Supplied data:
━━━

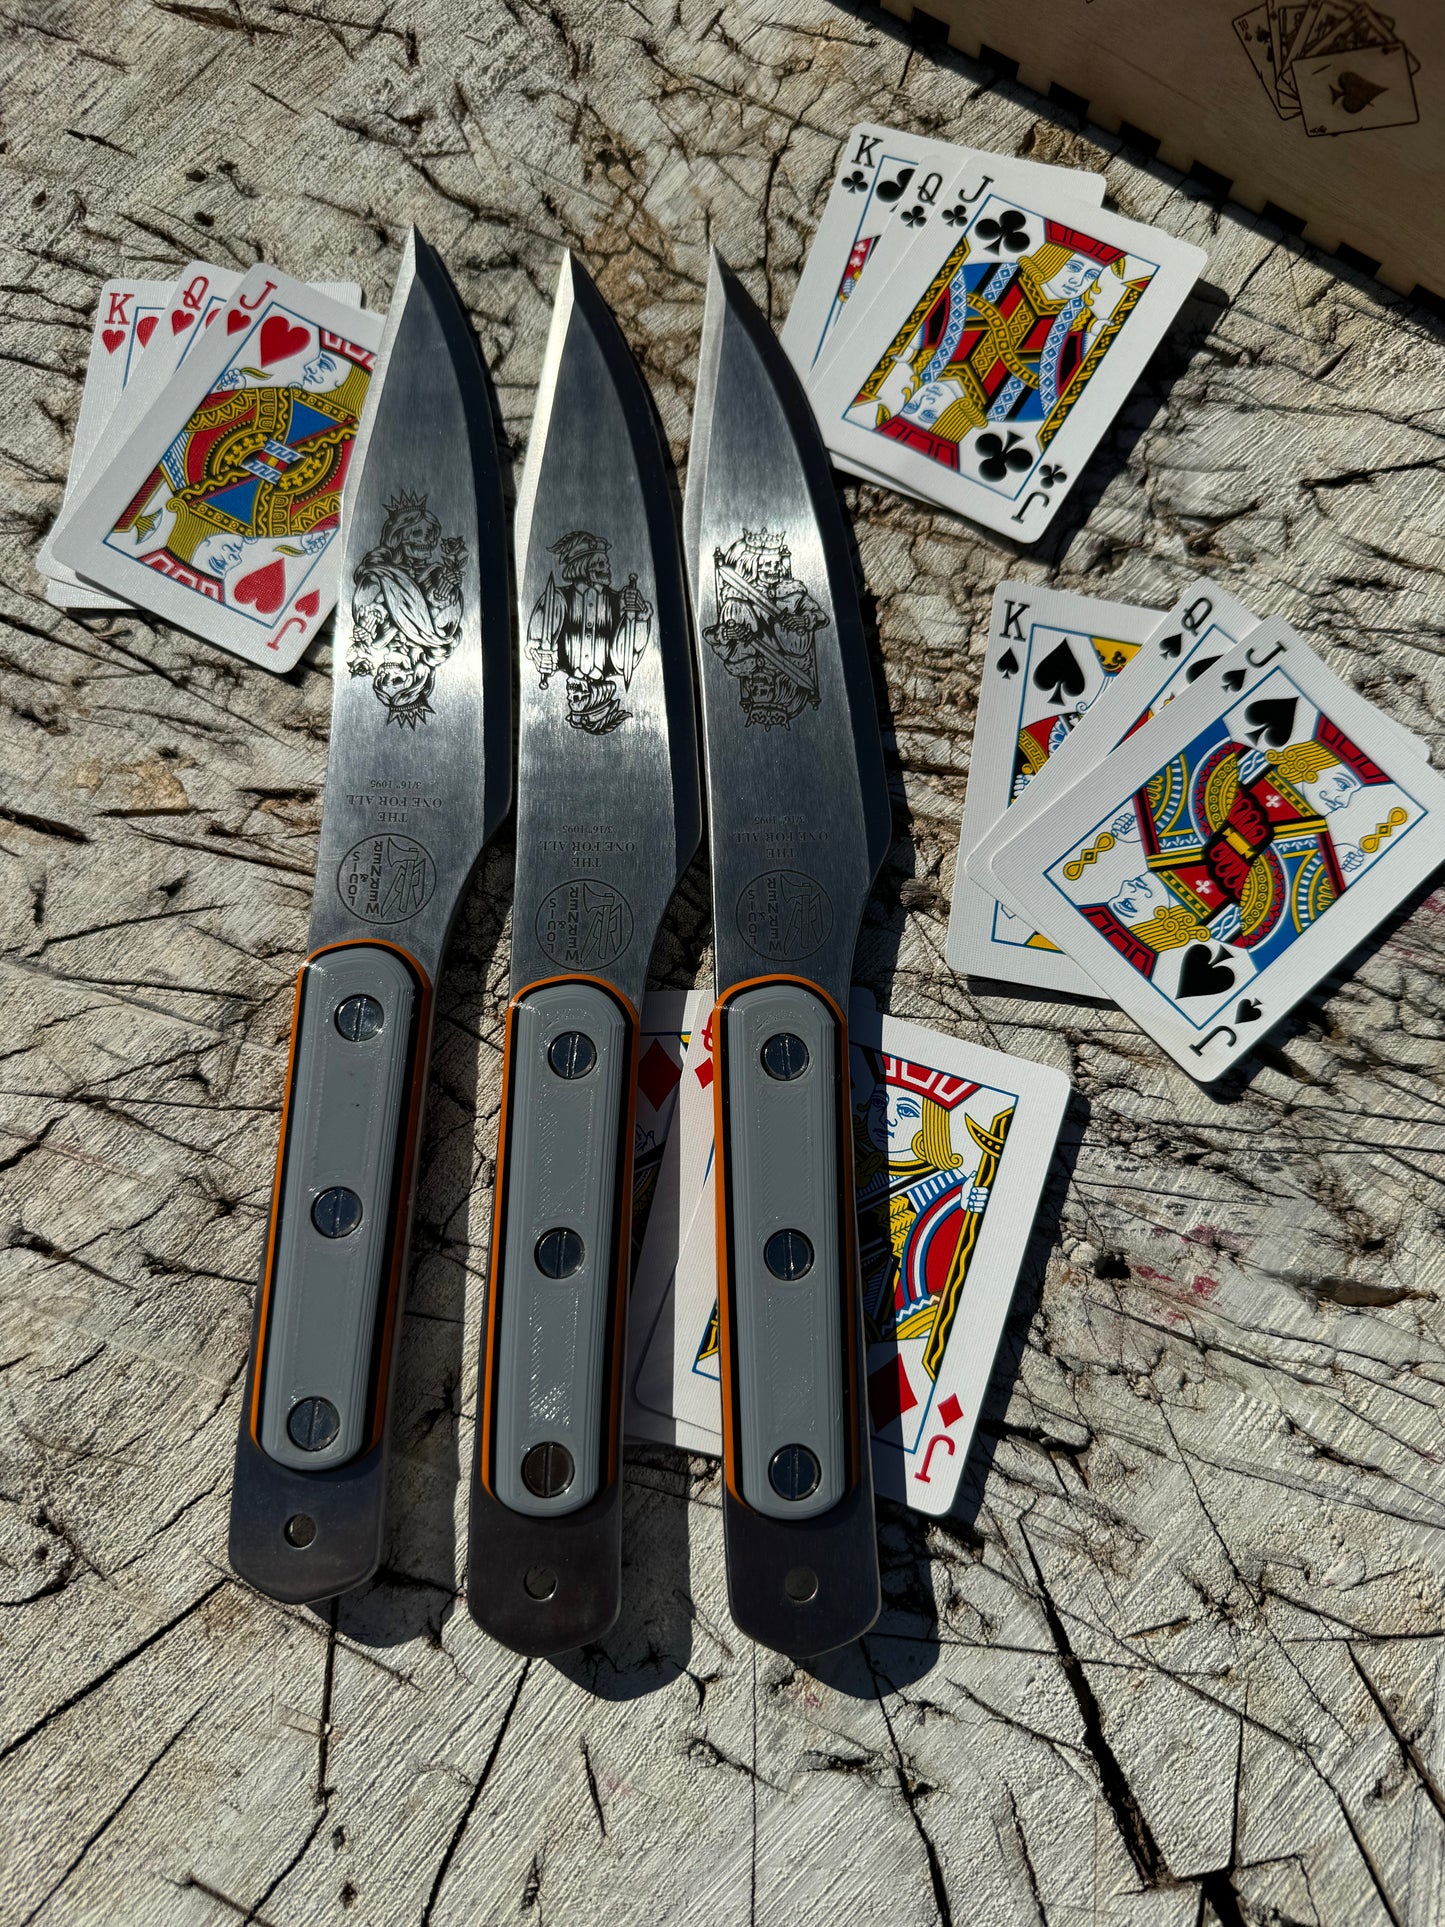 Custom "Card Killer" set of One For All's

━━━

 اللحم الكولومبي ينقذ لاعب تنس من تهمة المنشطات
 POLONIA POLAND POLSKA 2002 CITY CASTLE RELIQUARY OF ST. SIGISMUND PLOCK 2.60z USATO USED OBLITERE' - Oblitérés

━━━

Work instruction:
Given the records above, reproduce precisely and only the lines between the line holding "اللحم الكولومبي ينقذ" and the line holding "POLONIA POLAND POLSKA", inclusive.

Result for this exercise:
 اللحم الكولومبي ينقذ لاعب تنس من تهمة المنشطات
 POLONIA POLAND POLSKA 2002 CITY CASTLE RELIQUARY OF ST. SIGISMUND PLOCK 2.60z USATO USED OBLITERE' - Oblitérés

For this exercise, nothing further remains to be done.